Thing is, I liked Brown's approach: Not alarmist, but not letting us off the hook for our environmental sins so easily, either. There's a touch of sadness and a touch of hope in those interstitial spaces where wilderness and domesticated spaces meet. I find a particularly wry, grim humor at work when Brown points out that roadkill might be one of the best indicators that wildness persists even in our most urbanized areas.
Really, I think the issue might be a problem with scope. A Natural History of Empty Lots feels most effective when focused on smaller scopes. The lone-standing "Holy Tree" (I'll call it), the lot on which the author carved out his own ecological/familial niche, etc. This reading might be the result of my own experiences exploring, particularly as a child, my own little niches: the Priory at Chicksands, dirty mechanical access tunnels to underground parking at the high-rise apartments where we lived in Brindisi, Italy (I still have nightmares where a hag suddenly appears in front of me in those tunnels, sending a chill up my spine and paralyzing me), the vast water-drainage system I entered (and almost got stuck in) at the bottom of the hill where I lived in Capehart Base Housing in Nebraska, the abandoned (and supposedly haunted) owl-infested Albion school in Idaho where we had a family reunion years ago.

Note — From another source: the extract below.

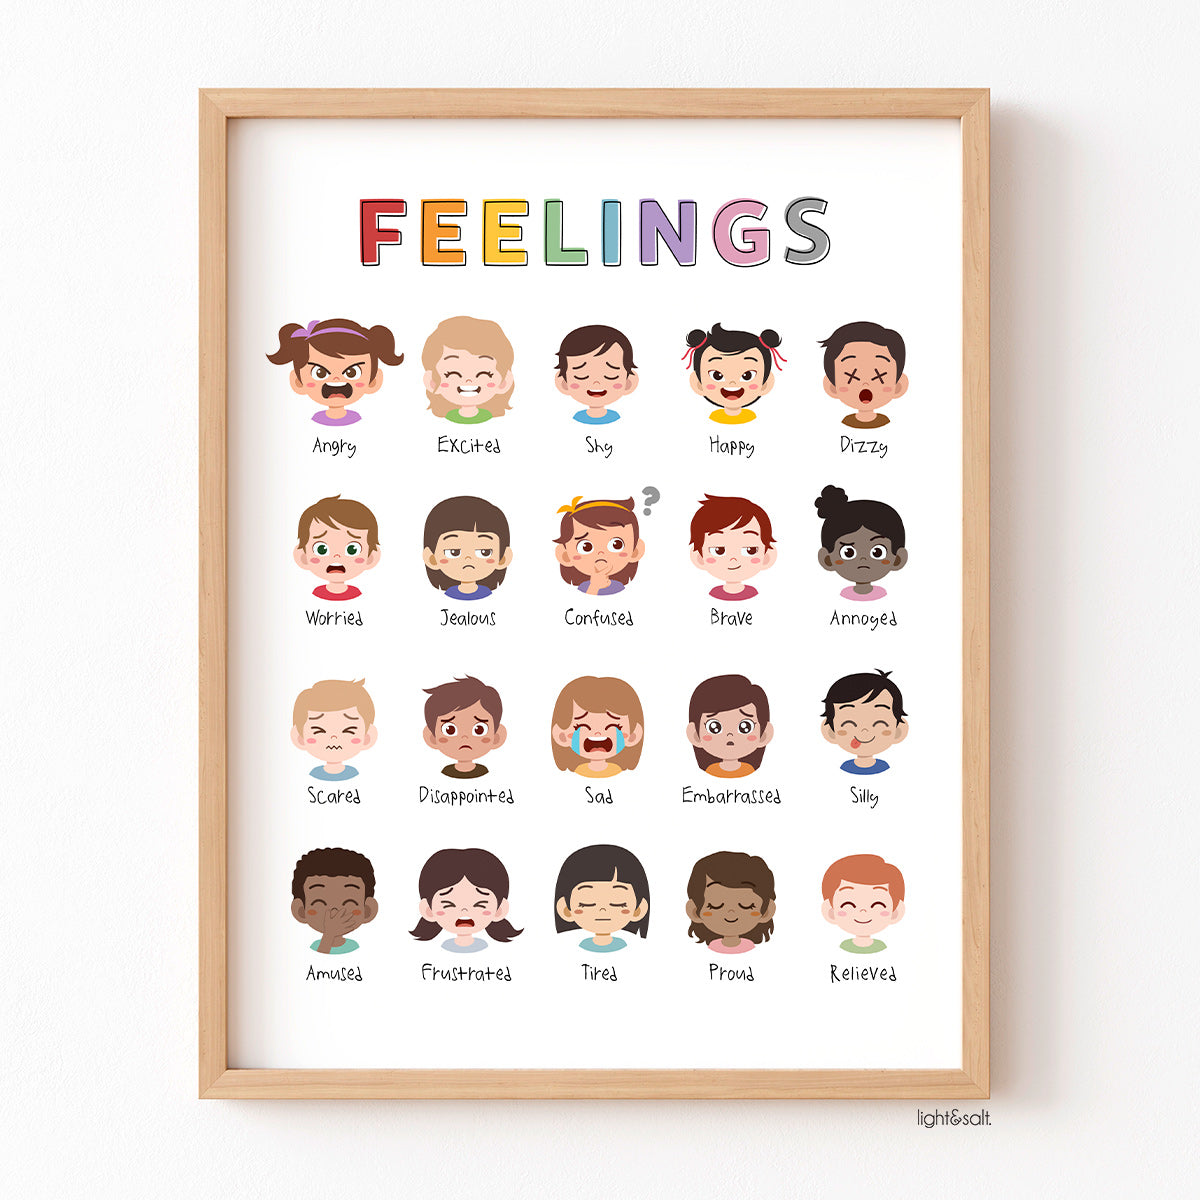 Feelings and emotions poster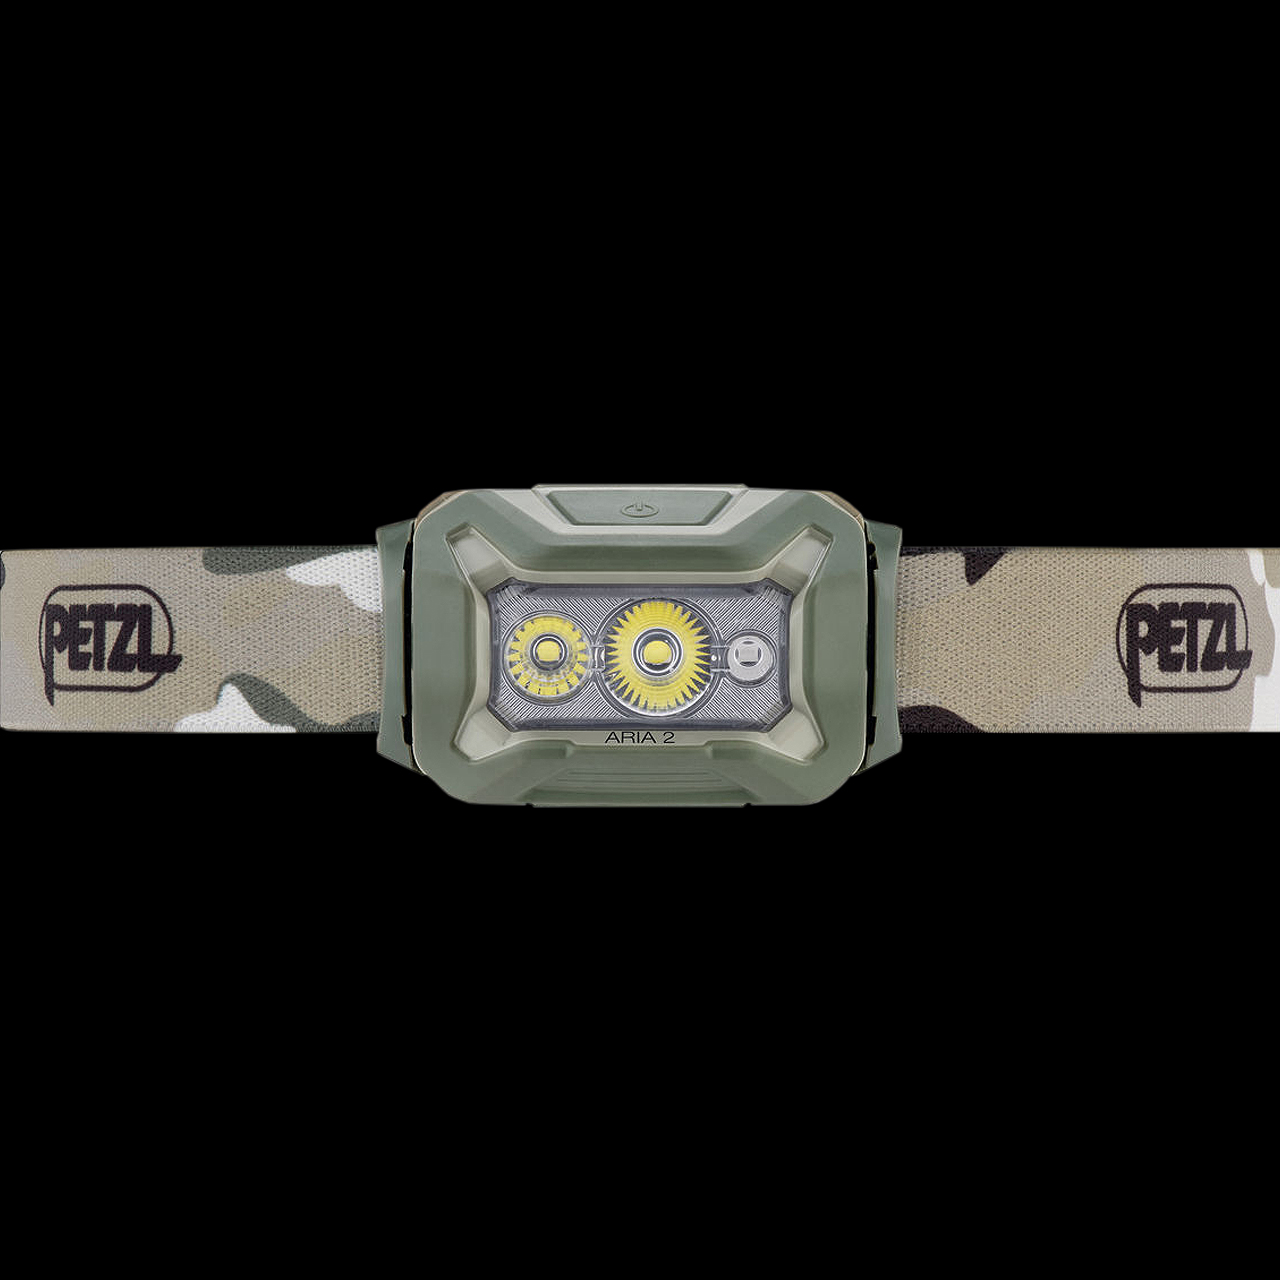 Lampe frontale Petzl Aria 2 RGB 450 lm

The macro-scale of the book is interesting, to some degree, on a philosophical level, while the micro-scale foci are very interesting at an experiential level. I suppose there's something to be said for having one's own (now internal) experiences evoked by an external source. Maybe that's the trick.
For instance, the subsection "Foraging for Meaning," a list of found and created objects, does more to paint the narrative of the liminal space between civilization and the wild than any narrative. It is merely a list, but to me it seemed something much, much more poignant, showing, rather than telling, revealing meaning without speaking of meaning at all. Just a list of found and curated junk, for the most part. And yet, it seemed profound. Apotheosis in the trash stratum.